In [1174]:
import pandas as pd
import numpy as np
import datetime as dt
import plotly.express as px
from sklearn.linear_model import LinearRegression, ElasticNet
from sklearn.ensemble import RandomForestRegressor
from xgboost import XGBRegressor
import warnings
warnings.filterwarnings('ignore')

In [1175]:
faa = pd.read_csv("data/FAA/FAA_WEB-Report-22188.csv")
bls_oak = pd.read_excel("data/BLS/SeriesReport-OAK-HWD-BKL.xlsx", skiprows=10)
bls_sf = pd.read_excel("data/BLS/SeriesReport-SF-RWC-SSF.xlsx", skiprows=10)
bls_sj = pd.read_excel("data/BLS/SeriesReport-SJ-SVL-SNC.xlsx", skiprows=10)
covid_h = pd.read_csv("data/CitySF/COVID-19_Hospitalizations_Over_Time_20240830.csv")
covid_v = pd.read_csv("data/CitySF/ARCHIVED__COVID-19_Vaccinations_Given_to_SF_Residents_Over_Time_20240830.csv")
pop = pd.read_csv("data/FRED/CASANF0POP.csv")
pba2050 = pd.read_csv("data/PBA2050/PBA_growth_profiles_normalized_2022.csv")
taf2023 = pd.read_excel("data/FAA/AirportsOperations_SFO.xlsx")

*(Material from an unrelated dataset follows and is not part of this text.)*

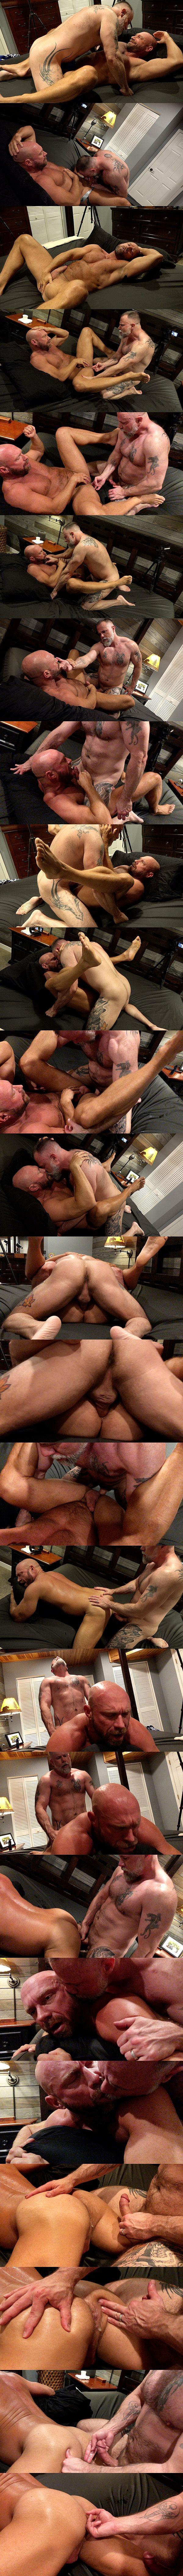 Inked muscle bear Liam Angell barebacks masculine bald daddy Killian Knox before he creampies Killian in Feeding Daddy Some Boy Load at Musclebearporn 01
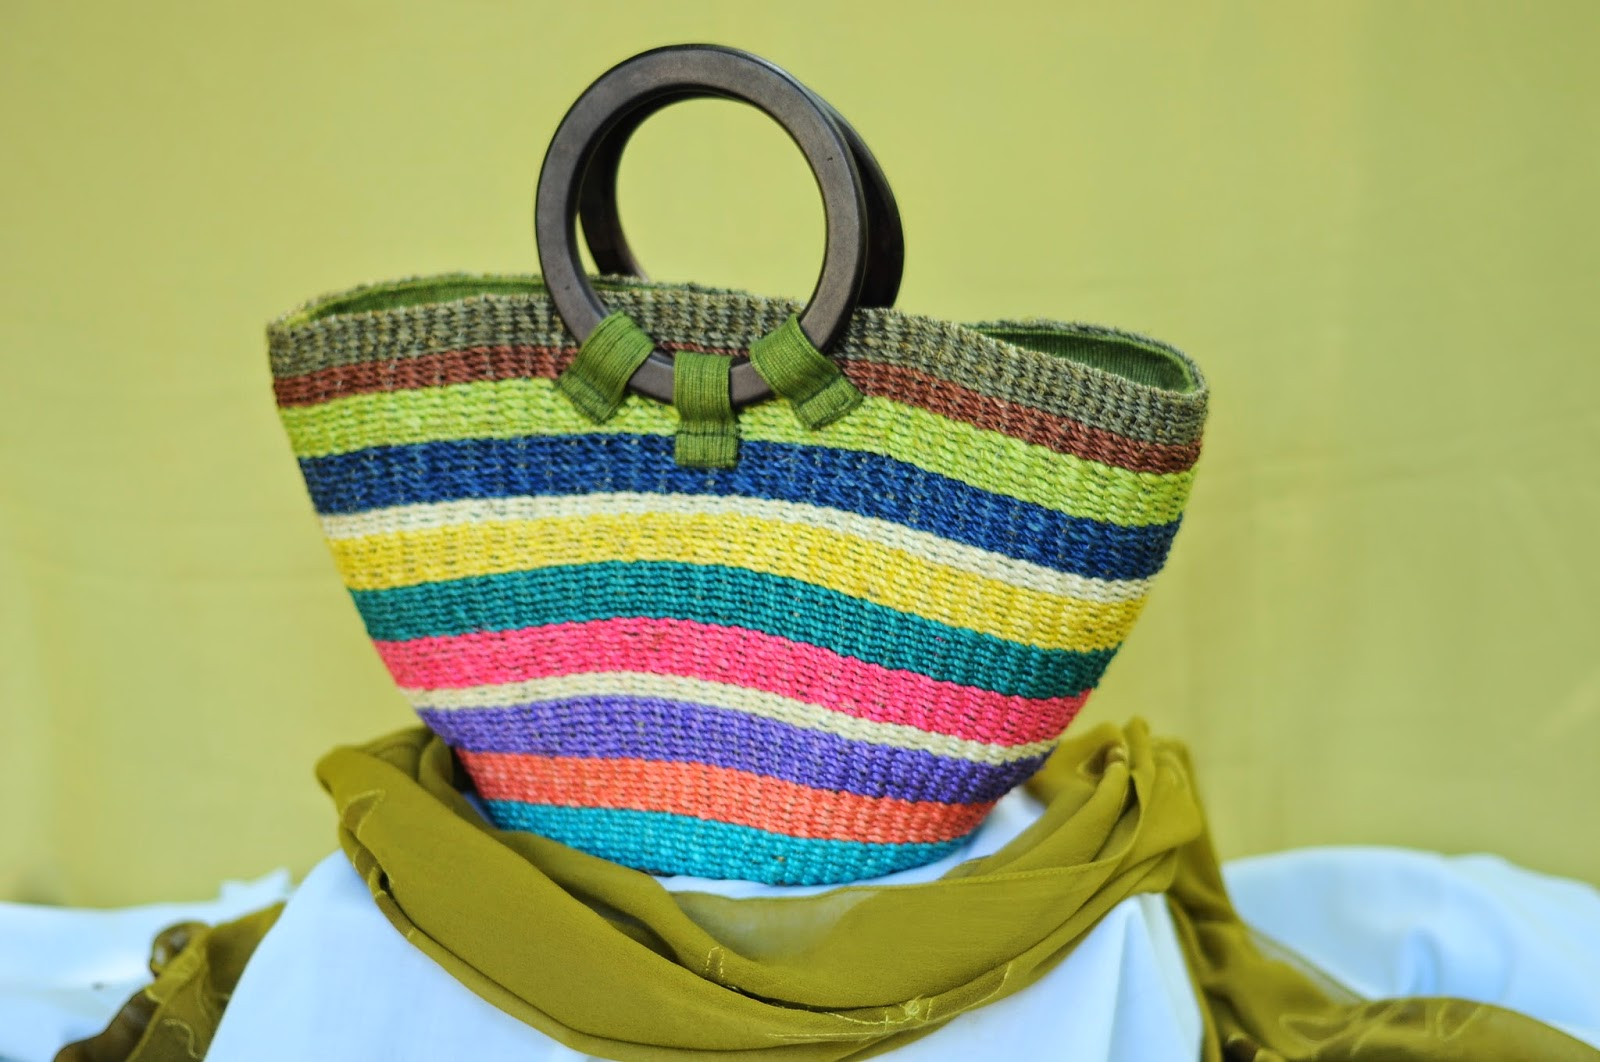 DTI CARP BIKOL Products: ABACA Fashion BAGS of Albay, Philippines

**Subset FAA data for SFO commercial operations only**

In [1176]:
faa_sfo = faa.copy().loc[faa.Airport=="SFO"]
faa_sfo['Commercial_Ops'] = faa_sfo['AirCarrier']+faa_sfo['AirTaxi']
faa_sfo = faa_sfo.copy()[['Year','Commercial_Ops']]

**Aggregate BLS data for three metropolitan areas for total Bay Area employment**

In [1177]:
def bls_avg(bls):
    '''
    Calculates average employment count for each year of BLS data.
    '''
    bls_melt = bls.melt(id_vars=['Year'], var_name='Month', value_name='Employment')
    bls_avg = bls_melt.groupby(['Year']).mean().reset_index()
    
    return bls_avg

In [1178]:
bls_oak_avg = bls_avg(bls_oak)
bls_sf_avg = bls_avg(bls_sf)
bls_sj_avg = bls_avg(bls_sj)
bls_all = bls_oak_avg.merge(bls_sf_avg, on='Year')
bls_all = bls_all.merge(bls_sj_avg, on='Year')
bls_all['Employment'] = bls_all['Employment_x']+bls_all['Employment_y']+bls_all['Employment']
bls_all.drop(columns=['Employment_x','Employment_y'], inplace=True)

**Aggregate COVID-19 hospitalizations and vaccinations by year**

In [1179]:
covid_h['reportdate'] = pd.to_datetime(covid_h['reportdate'], format="%Y/%m/%d")
covid_h['Year'] = covid_h['reportdate'].apply(lambda x:x.year)
covid_h['patientcount'] = covid_h['patientcount']/covid_h['hospitalreportingpct']
covid_h_sum = covid_h.groupby(['Year']).sum()[['patientcount']].reset_index()
covid_h_sum.rename(columns={'patientcount':'covid_h'}, inplace=True)

In [1180]:
covid_v = covid_v.loc[covid_v['administering_provider_type']=="All Providers"]
covid_v['date_administered'] = pd.to_datetime(covid_v['date_administered'], format="%Y/%m/%d")
covid_v['Year'] = covid_v['date_administered'].apply(lambda x:x.year)
covid_v_avg = covid_v.groupby(['Year']).mean()[['cumulative_recipients']].reset_index()
covid_v_avg.rename(columns={'cumulative_recipients':'covid_v'}, inplace=True)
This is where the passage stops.